Prior public vulnerabilities

The most common sources for vulnerability information and exploits were covered and cross checked for potential and already known vulnerabilities in the implementations of the chosen protocol. Typical sources for finding out about existing vulnerabilities are databases and mailing-lists. Search-engines may also reveal information on past vulnerabilities.

Search for already known and relevant WAP gateway vulnerabilities yielded no results.

The vulnerability process

During the prerelease phase all verified vulnerabilities were reported to the respective vendors. The vulnerability reports are tracked by the AusCERT in role of an independent coordinator and advisor. An attempt was made to seek a channel to distribute the test material to vendors whose products we were not able to obtain for testing. A grace period of over 45 days was kept between the vendor notification and public release.

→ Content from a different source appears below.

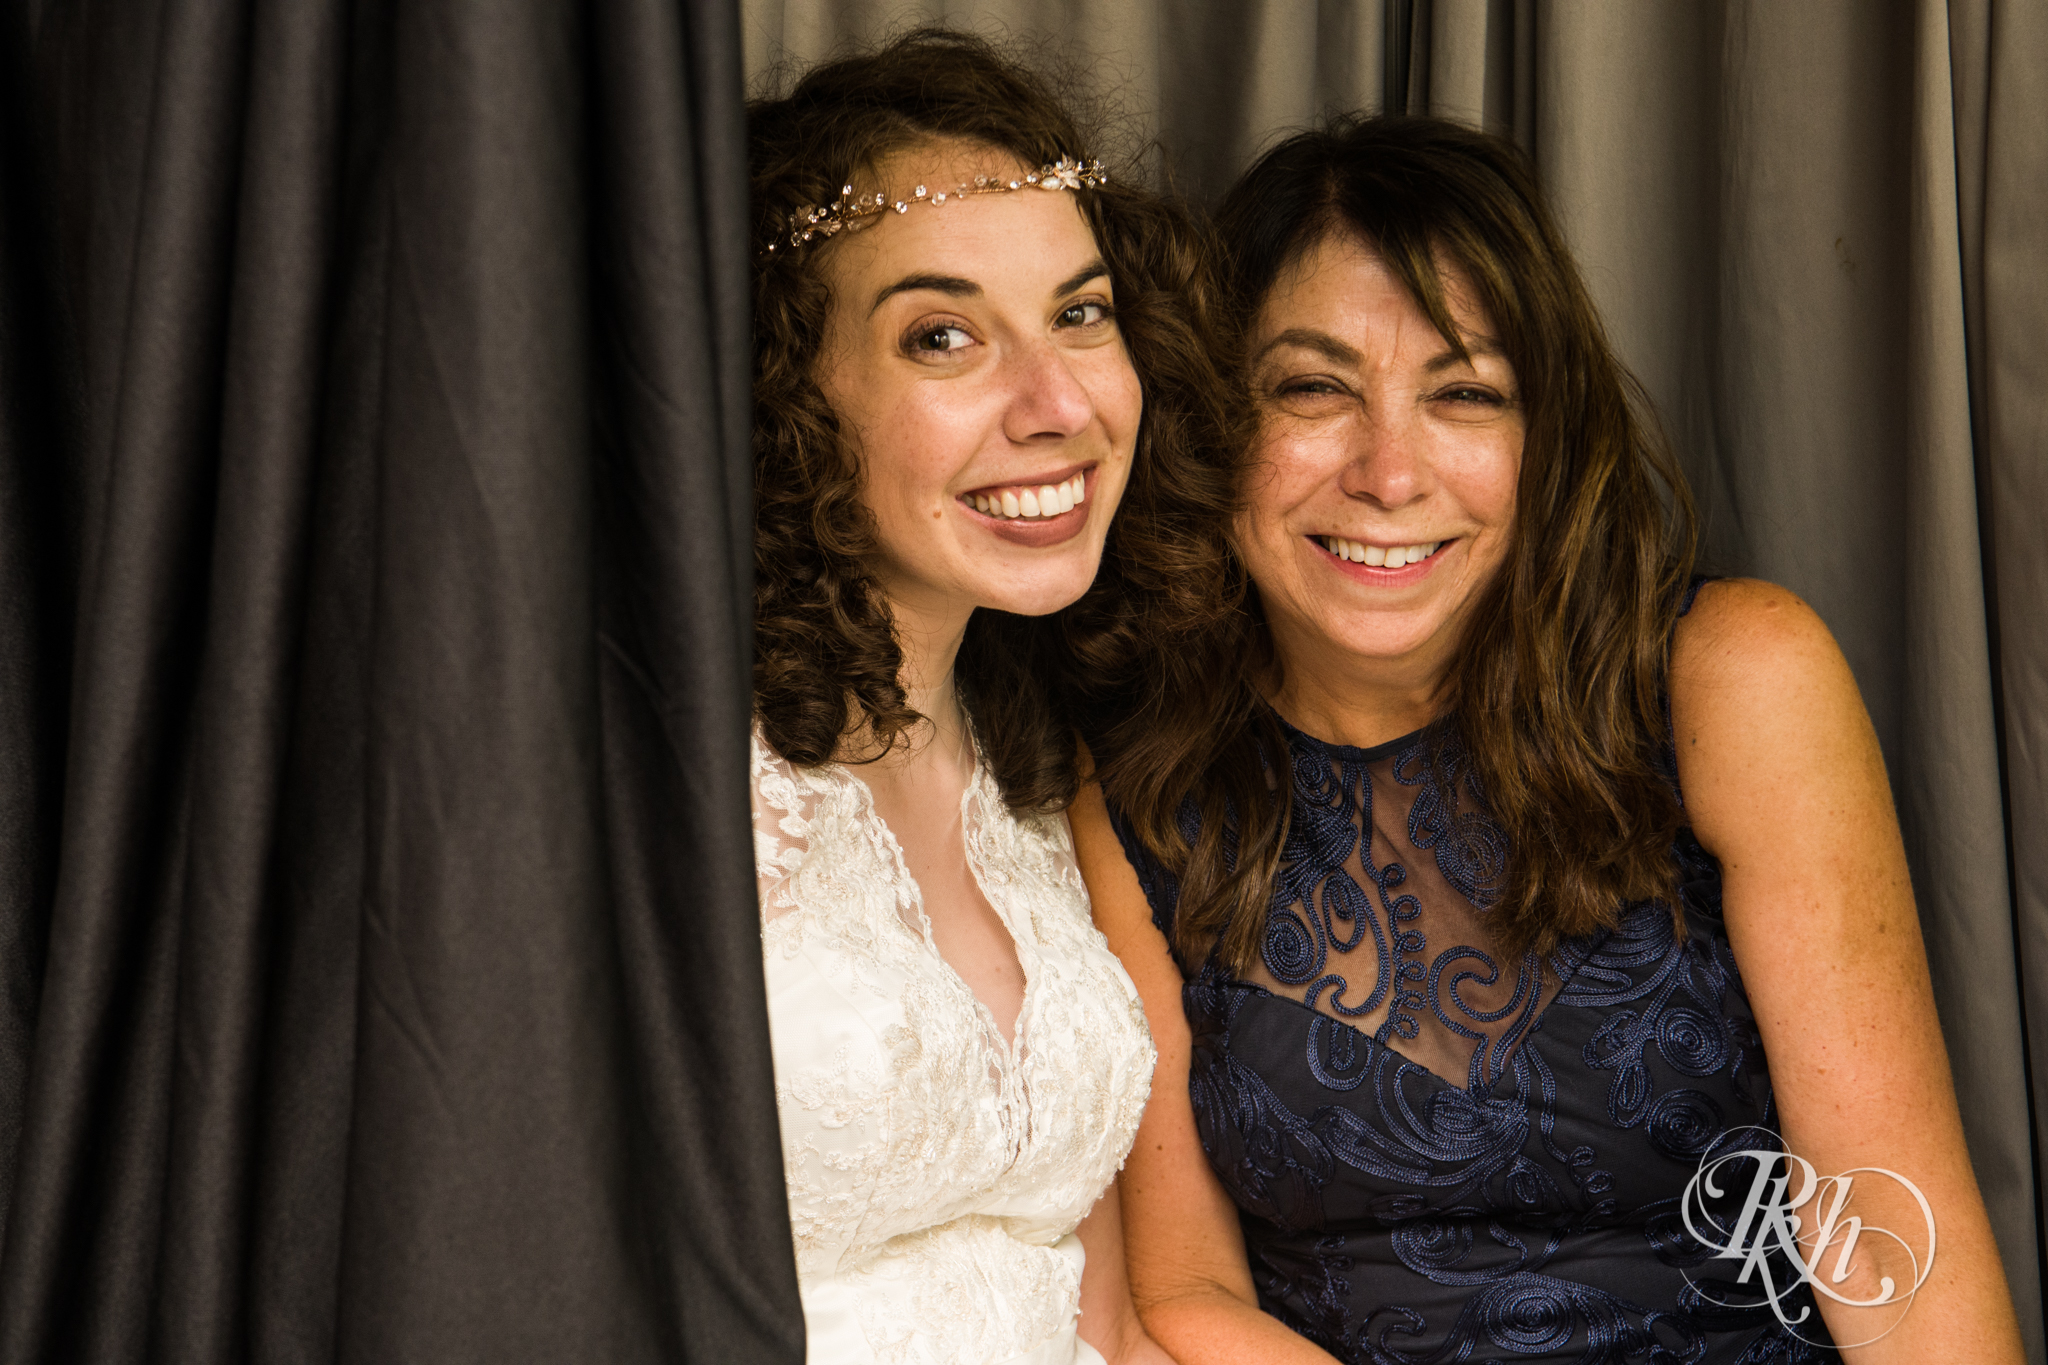 Bride smiles with mom during wedding reception at the Saint Paul Hotel in Saint Paul, Minnesota.
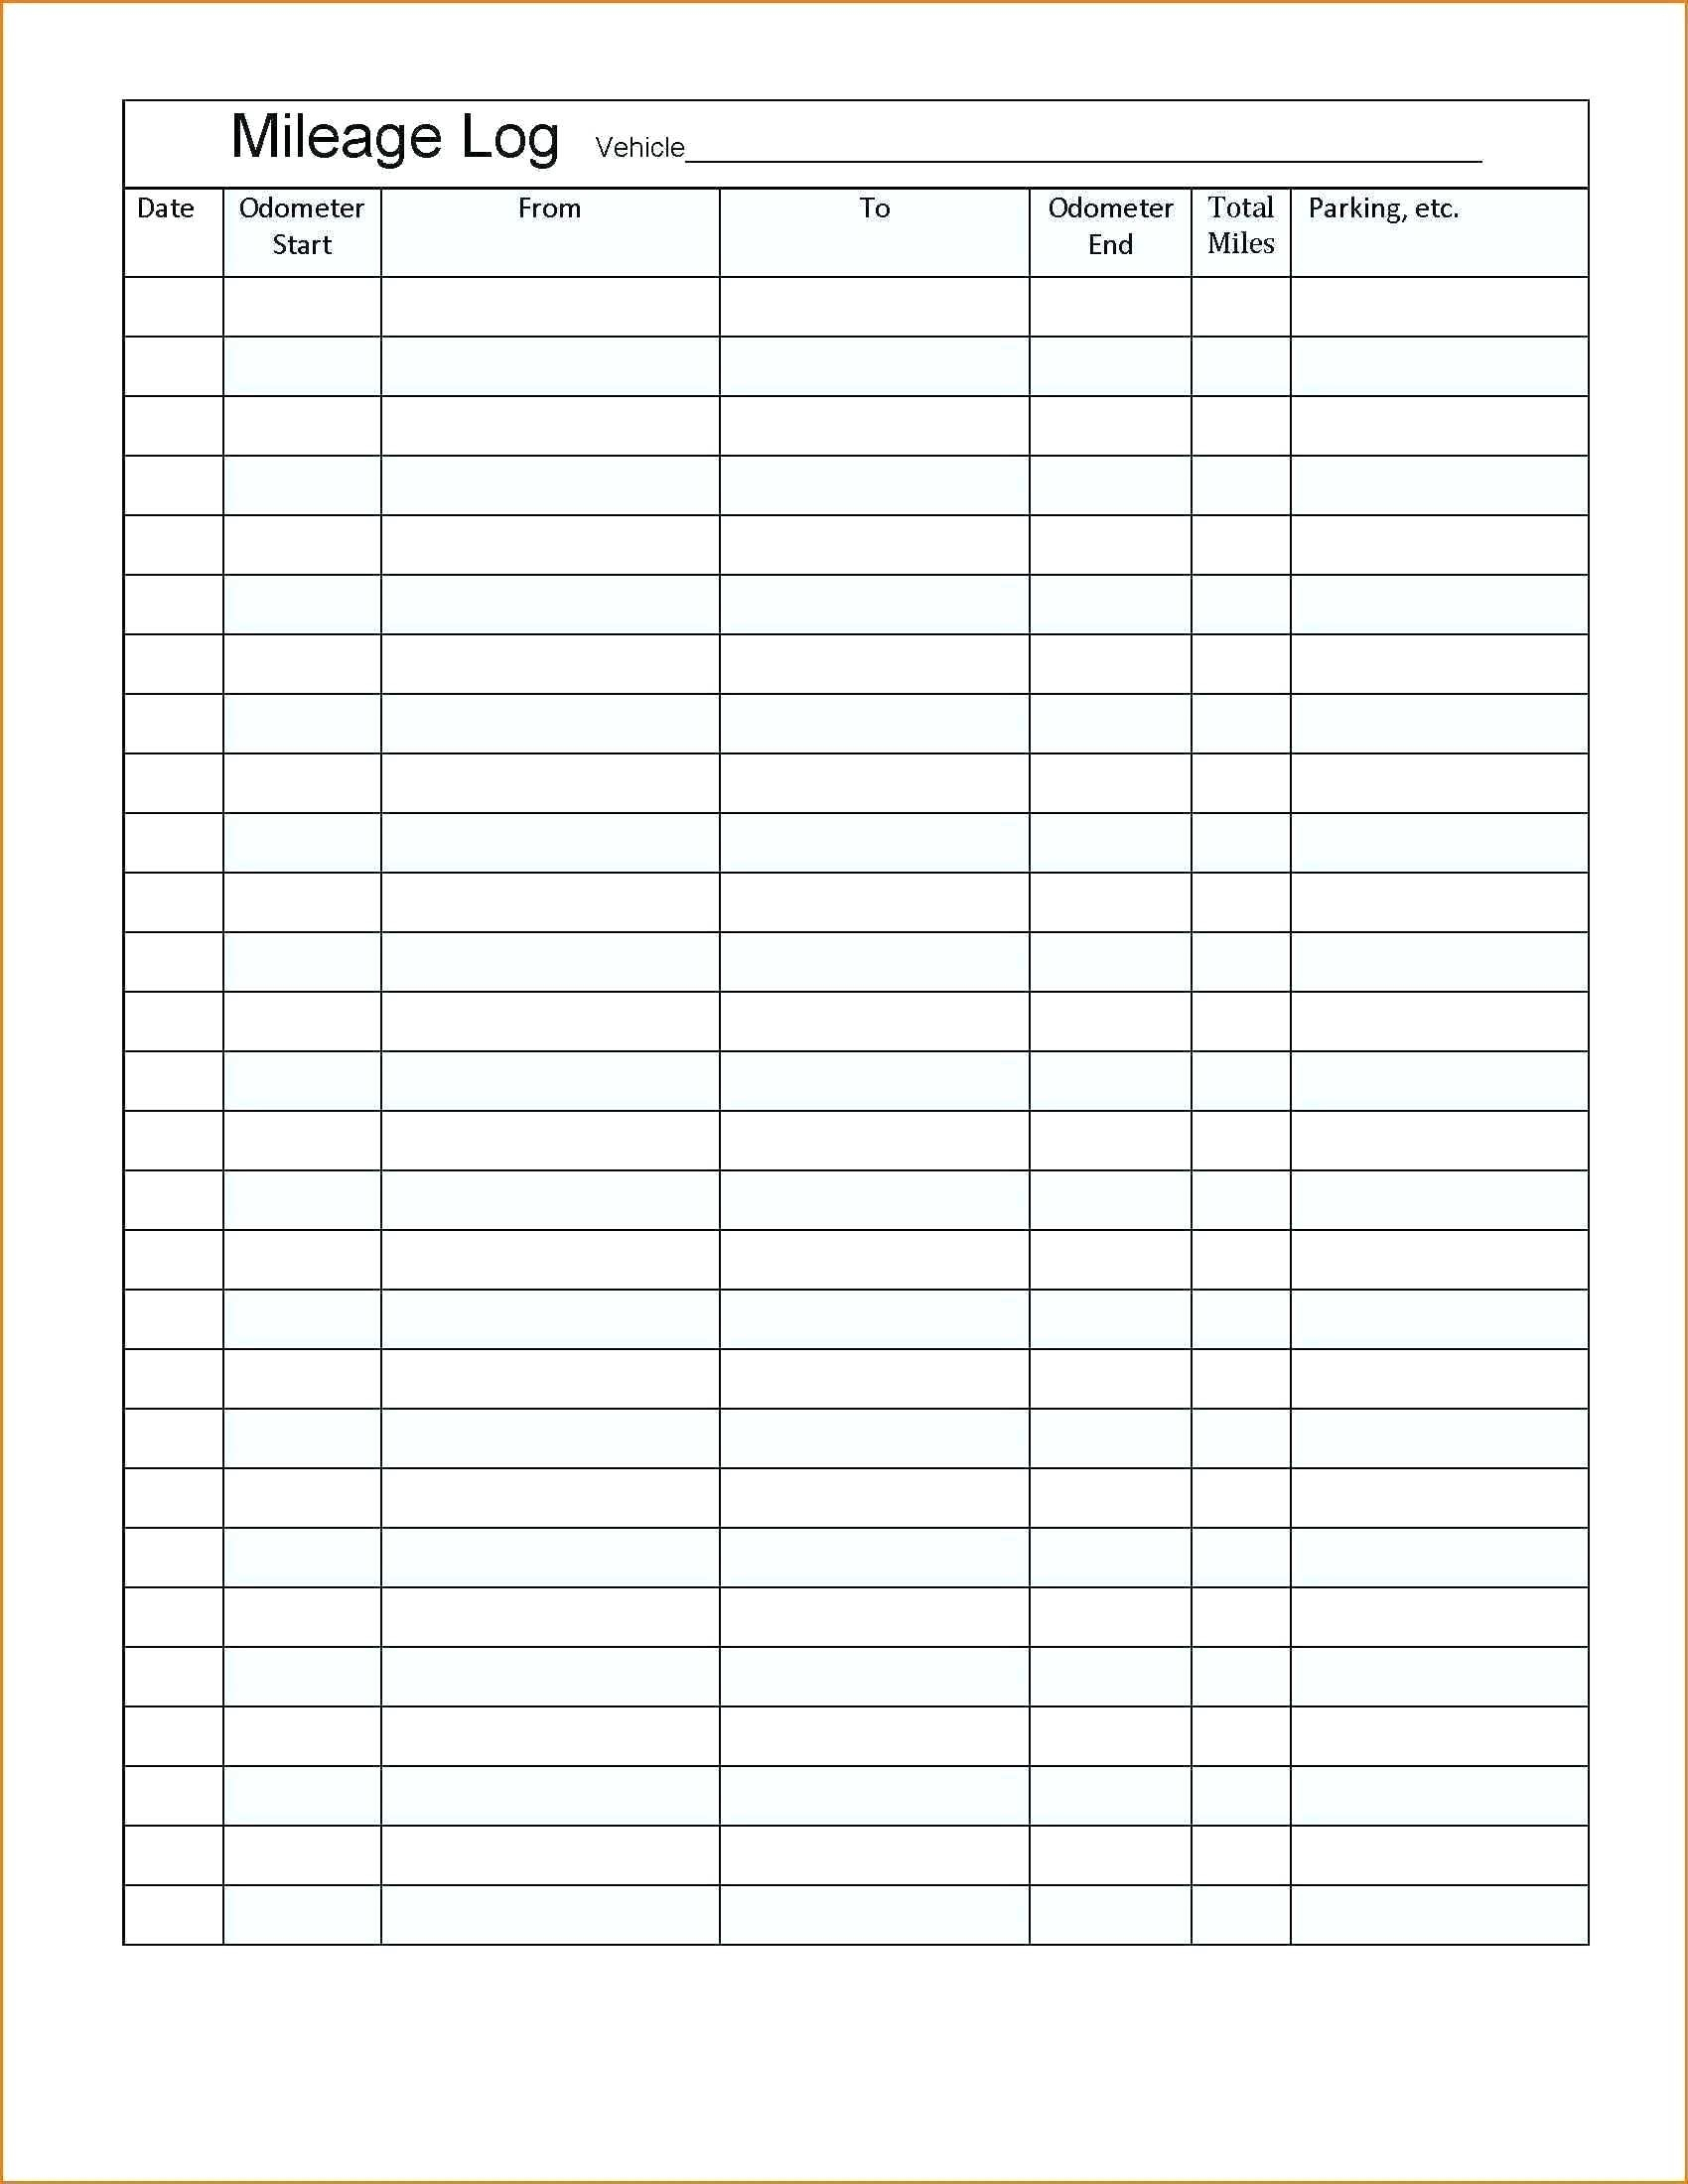 Mileage Log Template for 10 - MileageWise

Advisories and vendor statements

Vendor statements or security advisories issued in order to address the vulnerabilities uncovered by this test-suite are collected. Advisories that we are aware of are listed here-in:

Kannel [Wapit] [2000-10-17]

"Kannel was vulnerable to this denial-of-service attack. The vulnerability has been corrected in release 0.10.1 of the 0.10 series, release 0.11.1 of the 0.11 series, and is not present in the newly released version 0.12.

There is no risk of further intrusion associated with this bug. That is, this was not a "buffer overflow" problem which could be exploited to gain access to the system."

- Richard Braakman [Wapit]

AusCERT Newsletter, Vol. 4, Num. 4 - Jan 2001 [2001-01-03]

... "Vendors with existing products and vendors developing new implementations of WAP gateway servers may wish to take advantage of independent test material such as this suite available from PROTOS, and run it against their own software. A successful result is not in itself a guarantee of security, but vendors can utilise their results as a benchmark from which to develop further test procedures that will enhance the security of their products." ...

No other statements as of 2001-05-20

As of 11th of October 2000 we are aware that five out of seven vendors involved have addressed the security implications brought up by this test-suite with fixed builds of their products. Four out of five releases have been verified to survive the test-material as it is.